Tax Revenue in South Korea Projected to Rise 9.9 Percent in 2025: Short of Initial Government Estimates

Seoul: South Korea's tax revenue is expected to rise 9.9 percent from a year earlier in 2025 but fall short of the government's initial projection, the finance ministry said Thursday. The government anticipates collecting an estimated 369.9 trillion won (US$263.7 billion) in taxes this year, marking an increase of 33.4 trillion won from 2024, according to a tax revenue re-estimation by the Ministry of Economy and Finance.

According to Yonhap News Agency, the annual tax revenue will be smaller than the initial projection of 372.1 trillion won made when the government proposed an extra budget bill in June. The finance ministry attributed the revised estimate to the appreciation of the Korean won, which is expected to result in a 2.4 trillion won drop in import-related value-added tax.
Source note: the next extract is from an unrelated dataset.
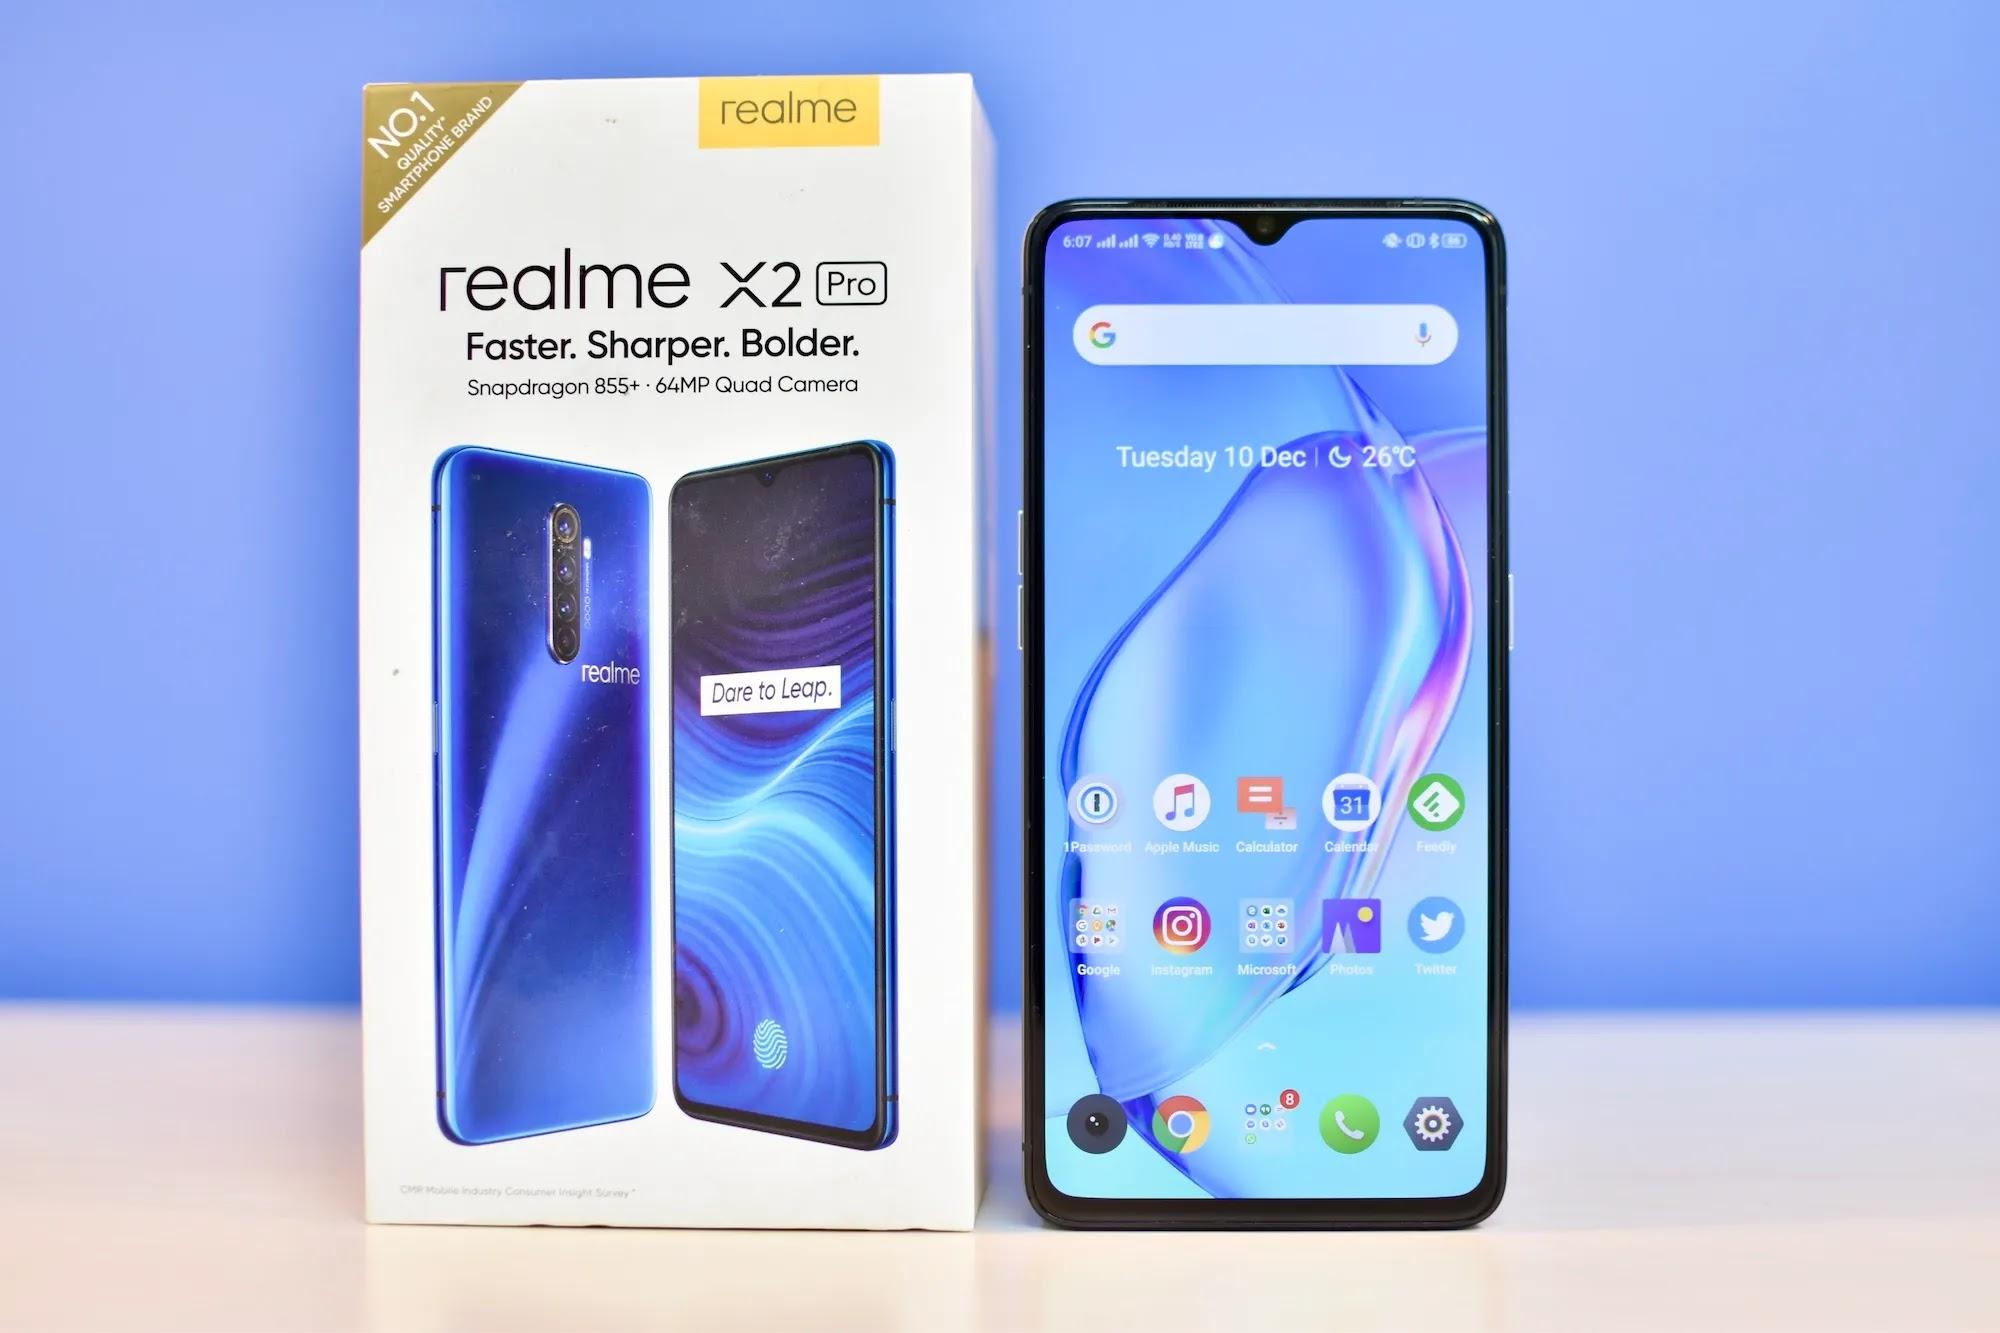 Harga Realme X2 PRO Di Tahun 2021 Terbaru

The average won-dollar exchange rate stood at 1,439 won in the January-May period but decreased to 1,379 won in the June-August period.

The extension of a fuel tax cut aimed at easing financial burdens and income tax refunds for self-employed workers, such as delivery riders, are also contributing factors to the decline in tax revenue, the ministry noted. Despite these challenges, revenue from income tax is projected to increase by 10.9 trillion won from last year due to a gradual economic recovery. Additionally, corporate tax revenue is expected to grow by 21.1 trillion won, supported by improved corporate earnings, according to the ministry.